IF 9.5 2区 医学 Q1 BIOCHEMISTRY & MOLECULAR BIOLOGY Pub Date : 2024-06-14 DOI: 10.1038/s12276-024-01239-6
Sumin Yang, Sung-Hyun Kim, Eunjeong Yang, Mingon Kang, Jae-Yeol Joo
It is apparent that various functional units within the cellular machinery are derived from RNAs. The evolution of sequencing techniques has resulted in significant insights into approaches for transcriptome studies. Organisms utilize RNA to govern cellular systems, and a heterogeneous class of RNAs is involved in regulatory functions. In particular, regulatory RNAs are increasingly recognized to participate in intricately functioning machinery across almost all levels of biological systems. These systems include those mediating chromatin arrangement, transcription, suborganelle stabilization, and posttranscriptional modifications. Any class of RNA exhibiting regulatory activity can be termed a class of regulatory RNA and is typically represented by noncoding RNAs, which constitute a substantial portion of the genome. These RNAs function based on the principle of structural changes through cis and/or trans regulation to facilitate mutual RNA‒RNA, RNA‒DNA, and RNA‒protein interactions. It has not been clearly elucidated whether regulatory RNAs identified through deep sequencing actually function in the anticipated mechanisms. This review addresses the dominant properties of regulatory RNAs at various layers of the cellular machinery and covers regulatory activities, structural dynamics, modifications, associated molecules, and further challenges related to therapeutics and deep learning. Regulatory RNAs, such as long noncoding RNAs (lncRNAs, RNAs that do not code for proteins), microRNAs (miRNAs, small RNAs that regulate gene expression), and circular RNAs (circRNAs, RNAs that form a covalently closed continuous loop), are important in controlling gene expression. The exact ways and roles of these RNAs are not completely known. This study by Joo et al. reviews current knowledge on regulatory RNAs, focusing on their structure and function in cell parts. The authors talk about the different methods used to study these RNAs, including RNA-Chromatin, RNA-Protein, and RNA structure sequencing. They also emphasize the role of RNA modifications in controlling gene expression and the potential of deep learning (a type of machine learning) in predicting RNA functions. The study concludes that understanding regulatory RNAs better could lead to new treatment strategies for various diseases. This summary was initially drafted using artificial intelligence, then revised and fact-checked by the author.
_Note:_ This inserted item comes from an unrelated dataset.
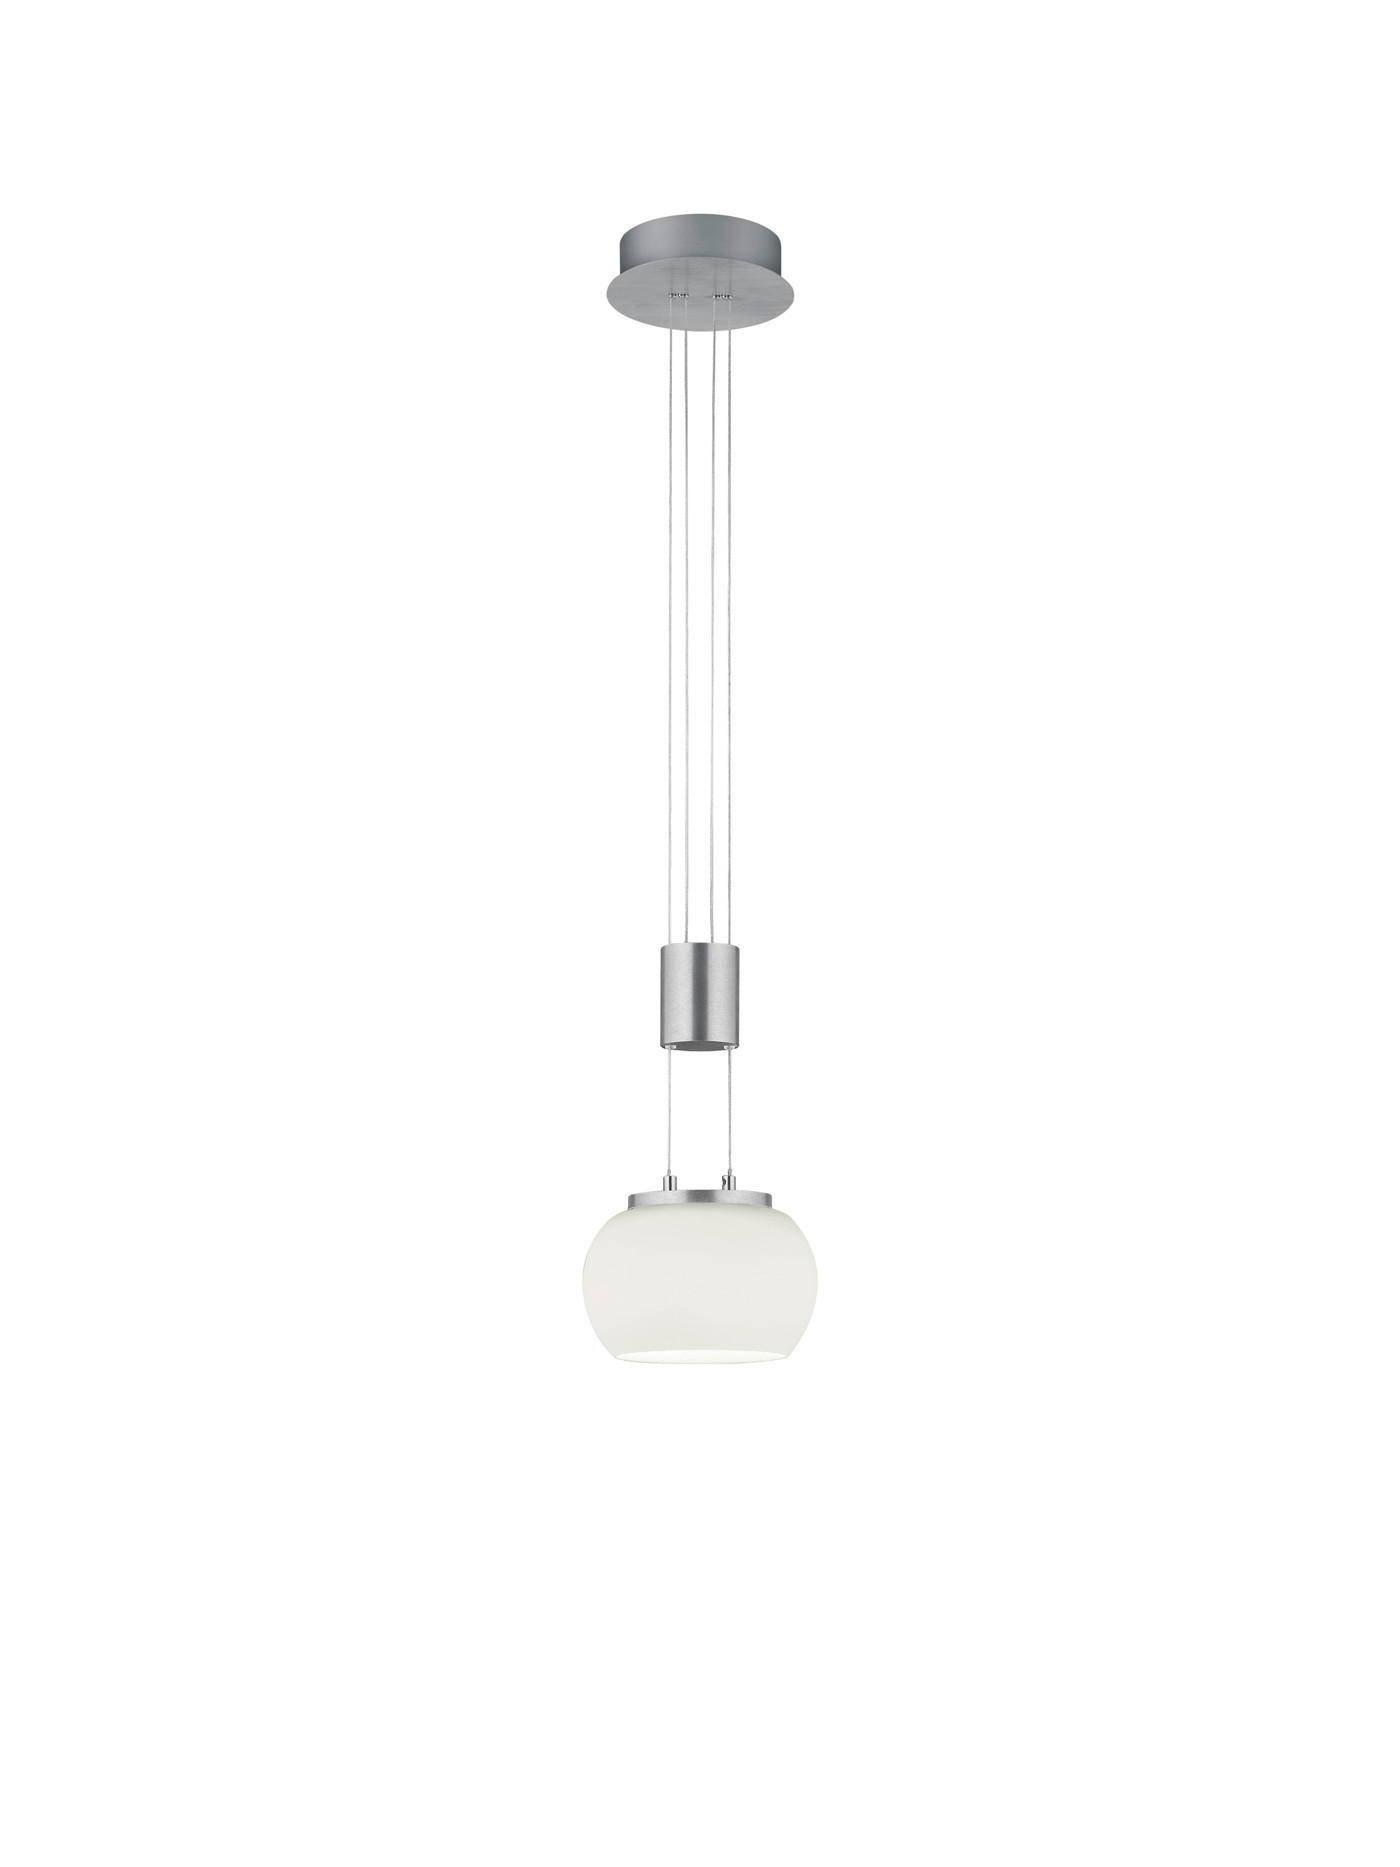 LED-HÄNGELEUCHTE Madison 18/150 cm   - Alufarben/Weiß, Design, Glas/Metall (18/150cm) - Trio Leuchten

显然,细胞机制中的各种功能单元都来自 RNA。随着测序技术的发展,人们对转录组研究方法有了更深入的了解。生物体利用 RNA 管理细胞系统,有一类不同的 RNA 参与调控功能。特别是,人们越来越认识到,调控 RNA 参与了生物系统几乎所有层面的复杂功能机制。这些系统包括介导染色质排列、转录、亚细胞器稳定和转录后修饰的系统。任何一类具有调控活性的 RNA 都可称为一类调控 RNA,其典型代表是占基因组很大一部分的非编码 RNA。这些 RNA 的功能原理是通过顺式和/或反式调节改变结构,从而促进 RNA-RNA、RNA-DNA 和 RNA 蛋白之间的相互作用。通过深度测序发现的调控 RNA 是否真正按照预期的机制发挥作用,目前还没有明确的定论。本综述探讨了细胞机制各层中调控 RNA 的主要特性,涵盖了调控活动、结构动态、修饰、相关分子以及与治疗和深度学习相关的进一步挑战。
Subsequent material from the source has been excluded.